Viktoria Vasylyeva and her colleagues more than once wrote with great assuredness in „Svoboda“ and other editions about their experience in contacting the Court and that the reason why their complaints were rejected was the guilt of Ukrainian representatives in the Court – see, for example, the article „Ukrainian root in the European Court“ („Svoboda“, No. 13, 9-16 April). „only eight (!) complaints out of five thousand were accepted during three years!“, wrote Ms. Vasylyeva, „Only 10% of the total number of the complaints were registered (this does not mean that they were accepted), but it is unknown, when these complaint will be considered. Mist and mystery… Who is interested in such enigmatic situation? Why so many cases appeared to be rejected? Why this red-tape accompanies many court procedures?“

I shall risk to elucidate this mystery. The Ukrainian claims share the lot of the claims from other countries in the first years of their joining the European Convention: these complaints are ungrounded and badly prepared. I want to remind that in 1960, when the Court just began to work, 710 out of 713 complaints were rejected. The KhG has already being consulting citizens about the preparation of such complaints for several years, and we not a single time (!) we saw a professionally compiled complaints. Almost every time they were too lengthy (sometimes 50-60 pages!) and, as a rule, they told about unimportant details. The complaints left out the essential information, information on the applied laws, etc., although they were often compiled by professional lawyers. I am sure that the lion’s share of the refusals of the Court is due to the insufficient professionalism of the complaints’ authors. What concerns the too long terms of considering the complaints in the Court, this is a real problem. The number of complaints is very great (by the way, Ukraine occupies not the first place by the number of complaints, as the Vasylyeva asserts, but only the eighth), and their thorough consideration demands much time, and the rejections of the complaints are meticulously checked. A court process is in general a long procedure, and especially a process in the European Court. One must patiently wait for 3-4 years until the case passes all the stages. It is noteworthy that now the Court attempts to somewhat accelerate the consideration of cases. The perfection of the procedure of considering complaints is being discussed, the personnel is increased. Now six Ukrainians work in the Court Secretariat over the Ukrainian complaints.
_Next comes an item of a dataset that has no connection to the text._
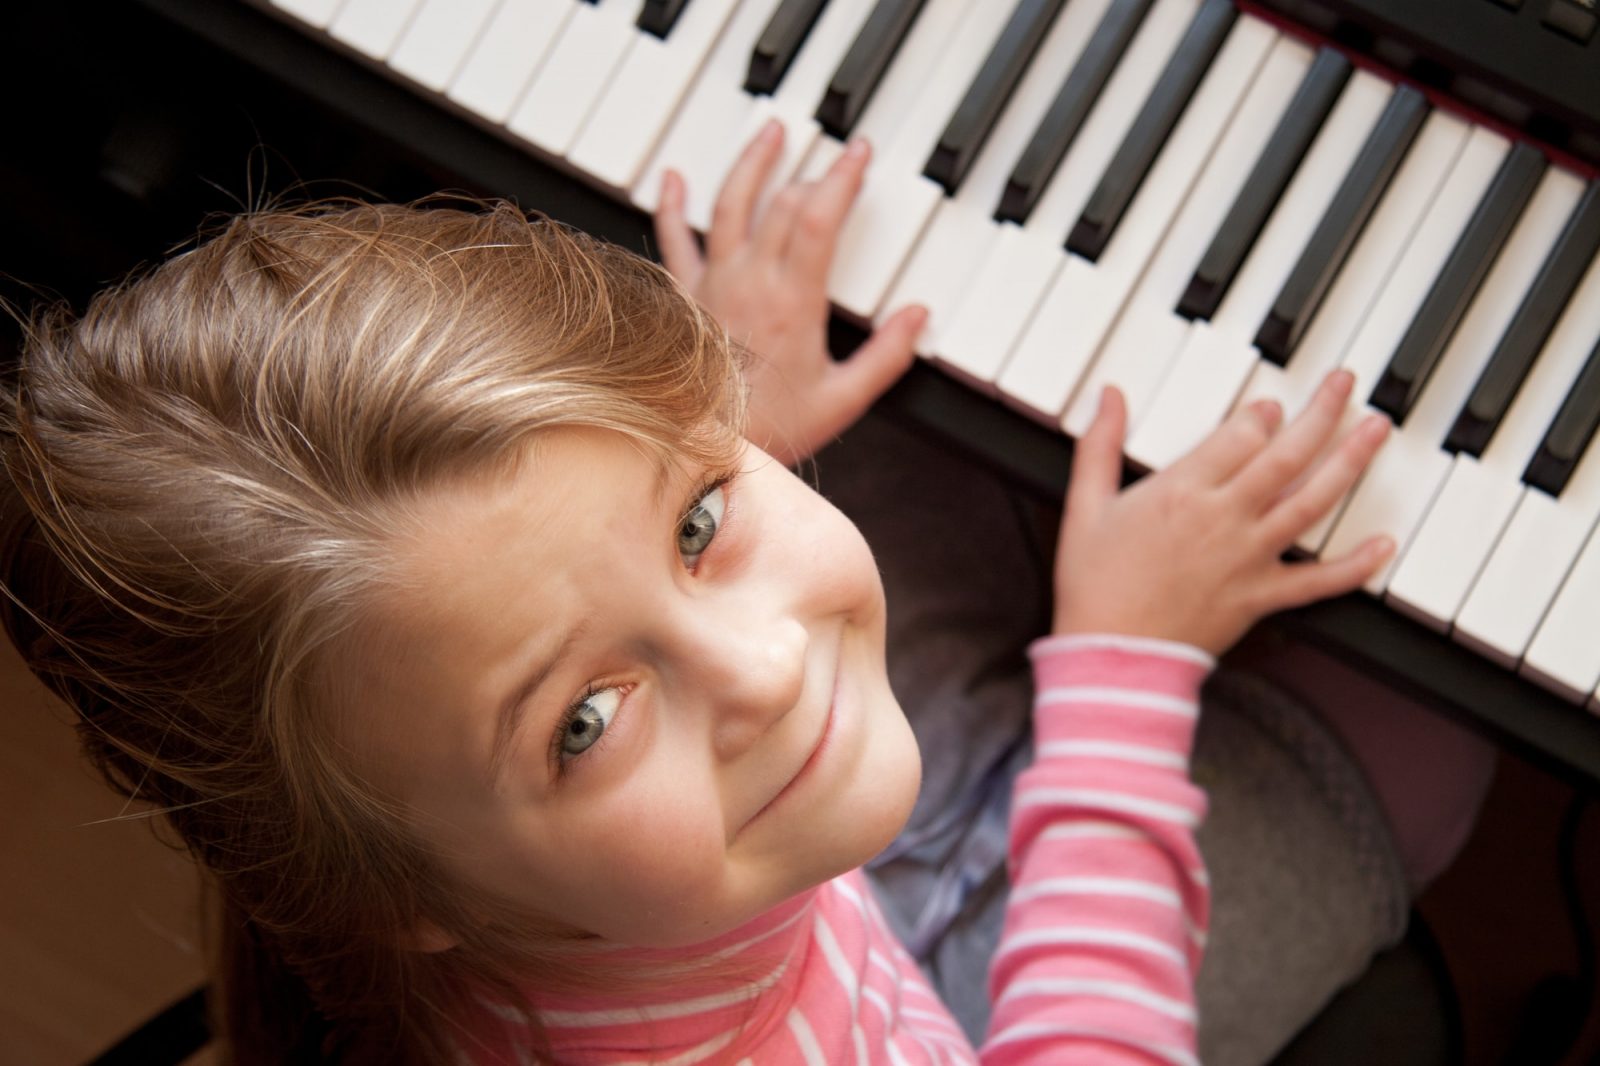 7 Easy Piano Songs to Play

I shall uncover one more mystery (I hope that their right for privacy will not be violated!): all they are quite young people having unburdened with the experience of working in Ukrainian state organs, and they are not representatives of Ukrainian bureaucrats, as Ms Vasylyeva and her colleagues think. All the Court staff passes through the contest directly in the Court. When they send the letters to claimants asking to send some additional documents, they try to correct the drawbacks of the complaint and to make it more convincing. They must be thanked for this, not reproached! It should be remarked that our experience of communicating the Court is quite positive.
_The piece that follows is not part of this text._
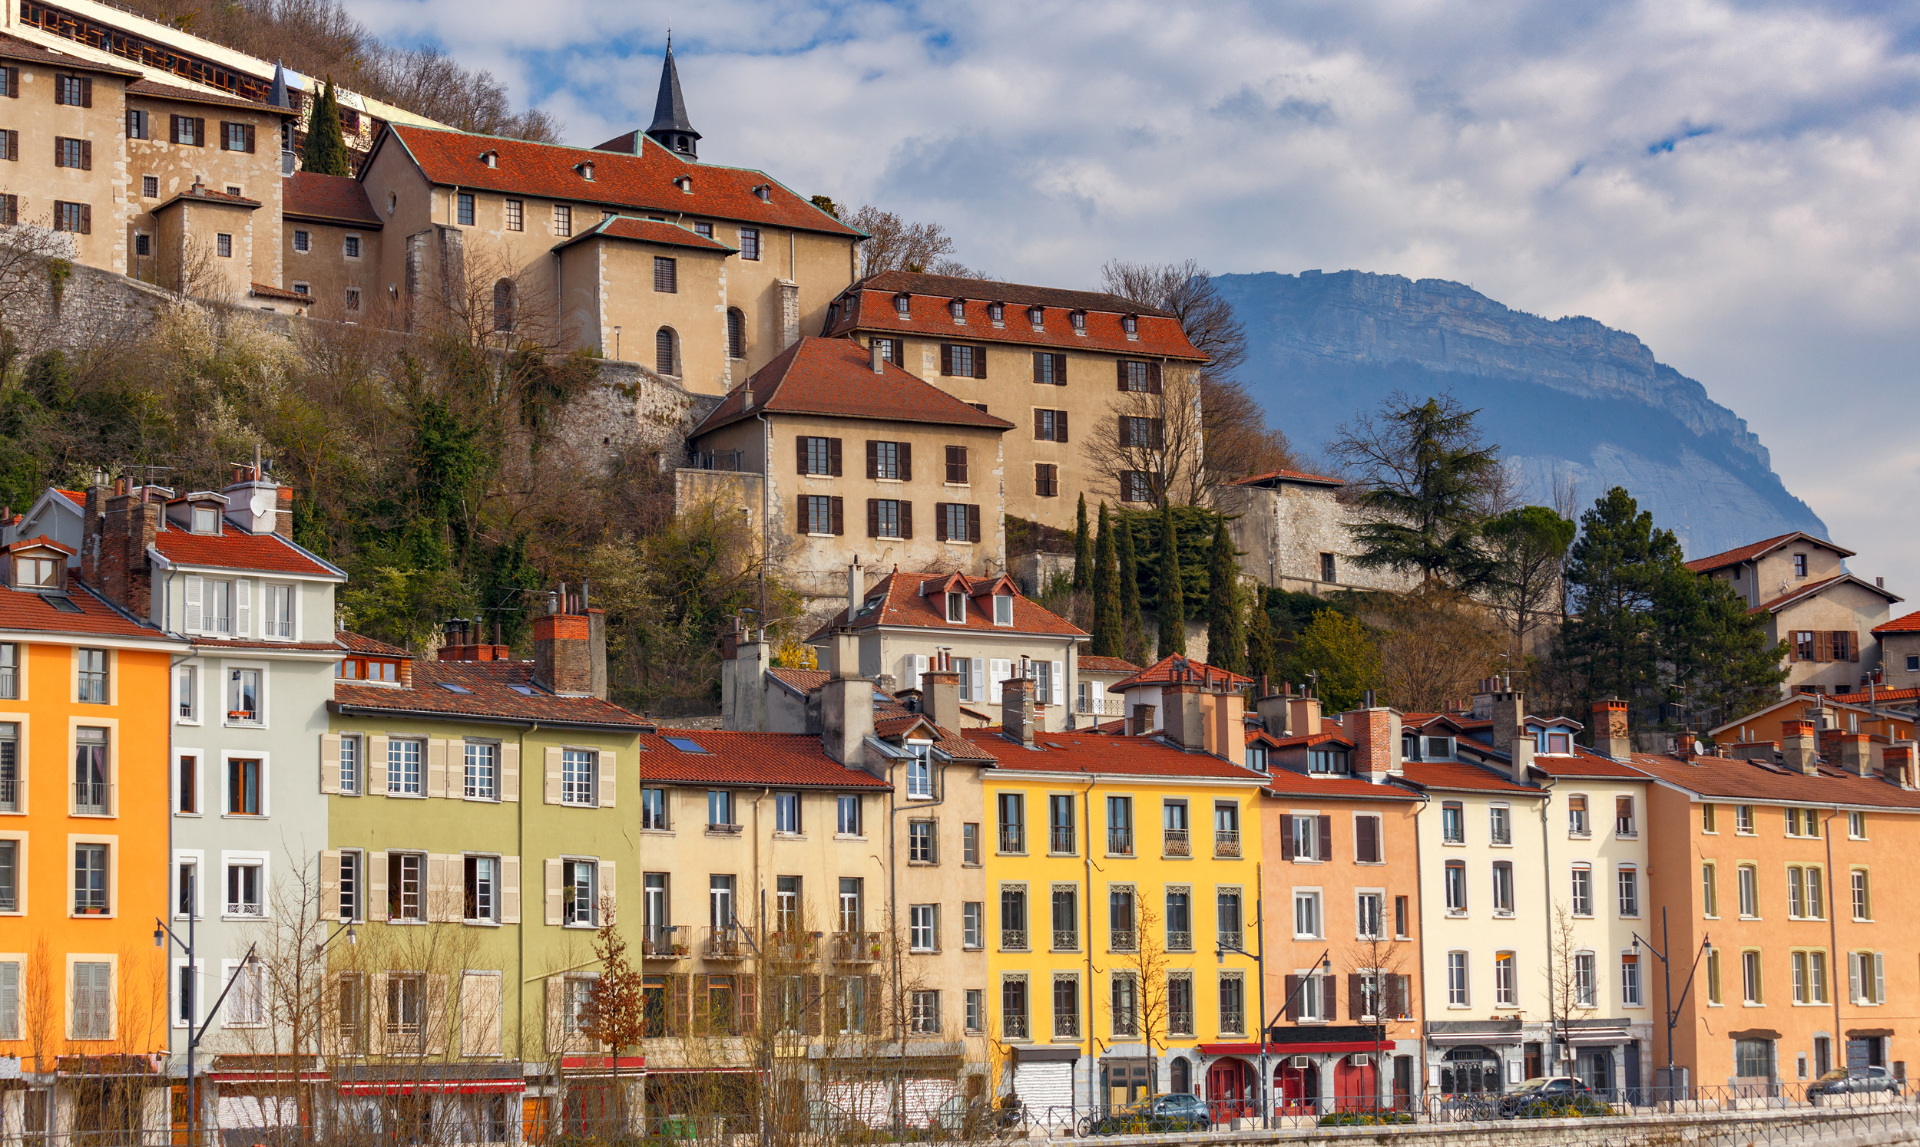 View of Grenoble, with mountains in the background

Ms. Vasylyeva and company demand from the Ministry of Justice to resume the work of the Information office of the Council of Europe in Ukraine, which has no opportunity to function normally, since it has no room for work (see the article „Caesar’s share to Caesar, and Ukrainian share to Ukrainians“, „Svoboda“, No. 20, 28 May – 4 June). I support this demand and am very grateful to the authors for they publicly raised this question. However, this question must be addressed not only to the Ministry of Justice but also, maybe in the first turn, to the Ministry of Foreign Affairs. The absence of an adequate office for the informational representation of the Council of Europe in Ukraine – this is just shame upon Ukraine!